I see that this product has been discontinued.
Are there plans to create an updated replacement for this board?
Would the replacement be designed for the PI B+? Would it use a different chip? When might a replacement be available?

Am I reading something wrong? I googled the FET on the schematic for the Tx and Rx LEDs, and it seems to be a p-channel FET: NTR1P02T1G. It looks, on the schematic, like a place you'd use an n-channel (low side switching).

This design may use a 485 transceiver and serve for some use (?), but it is NOT an RS-485 at all. The part should be connected to drive transmit data differentially both ways, 1 and 0.

I have often used this configuration. What really happens is that the device is only capable of transmitting zeros, because when you transmit ones, you're actually disabling the output driver so it stays in tri-state over the duration high-level bits. This can only be possible considering the idle status of the bus is at a high level and some other device on the bus is responsible for maintaining that state, otherwise it is necessary to ensure the high state adding biasing resistors at the end of bus. In fact, pin 4 on MAX481 could be grounded with no effects on data communication (obviously disconnecting it from TXD).

The MAX481 datasheet says maximum data rate is 2.5MBPS not 10MBPS. Both Donn and Alberto are correct. I cannot see how you can control the Driver enable and receiver enable using the TXD signal. When a byte is transmitted some bits will be zero and the Driver enable will be off and the driver output will be in tristate.

To get 10MBPS over 4000feet using RS485 is fanciful. There are no termination resistors to handle ringing and reflections. I have experienced situations in industry where I needed a RS482 repeater to transfer data over 1Km at 9600BPS.

Sorry to be pedantic, but RS485 is NOT a protocol, it is an electrical spec for a multidrop capable differential communication interface, which the MAX481 implements. Any number of protocols can and are run over RS485 - master/slave, TDMA, CSMACD, ... LinkSprite may have a protocol they like to run over this, but I haven't looked. Achieving those performance numbers requires great care w/ termination and cabling - reflections are not your friend. Thanks.

I'm trying to understand how it can work.

TXD toggle both enables (~RE and DE) and same time it used as TXD!. You can't use TXD as enable because DE (transmitter enable) must be tied low in order to receive. If you enable your own transmitter you force A/B lines to whatever TXD put on the transmitter buffer (and you are enabling DE with TXD eventually on a frame output, but just when TXD its low -DE high, ~RE high-)

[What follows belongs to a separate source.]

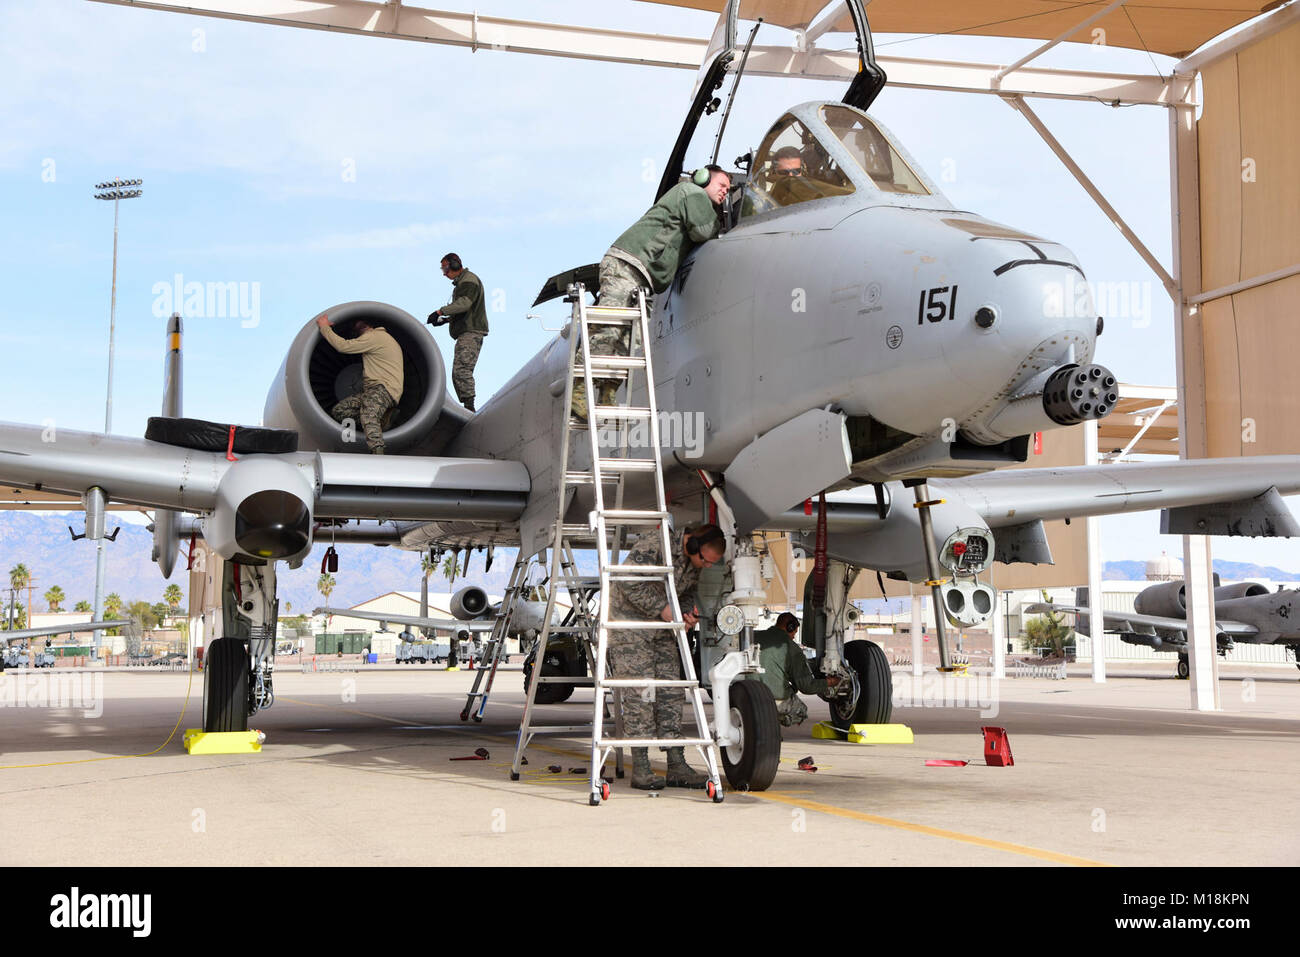 The A-10C Thunderbolt II Demonstration Team conducts a post-flight inspection at Davis-Monthan Air Force Base, Ariz., Jan. 22, 2018. The A-10 Demo Team and A-10 Heritage Flight pilots are scheduled to support a Heritage Flight flyover during the opening ceremonies of Super Bowl LII in Minneapolis, Minnesota. (U.S. Air Force Stock Photo

I think this uses the driver delays in order to work -best guess-, with TXD high -DE low, ~RE low- A/B outputs are H-Z. TXD low -DE high, ~RE high- A/B outputs are tied to TXD state (DI = 0) with A=1/B=0. If you put TXD high again, there is a delay from the enable that allow you to put A=0/B=1 until the internal parts put both on H-Z but this is bad idea, you're cutting the output level to whatever enable time is -mostly random and varies from part to part for sure-.

And, by the way (this can be solved with software but this is an bad idea), you need the RXD (and ~RE) enabled along the TXD frame or plain-text: you need to see your echo. This is because the low level -maybe high, sorry the dyslexia- is dominant this is how you control the collisions on the bus. If you put a high level and you are seeing a low level there is something messing with your bus and you need to stop and listen. Toggle the enables with TXD, and you dont know what are you doing, you transmitt blindy and happy but other devices on the bus will be very angry.

So, what am I missing ?

why does linksprite insist on using half duplex? all of their shields are half duplex...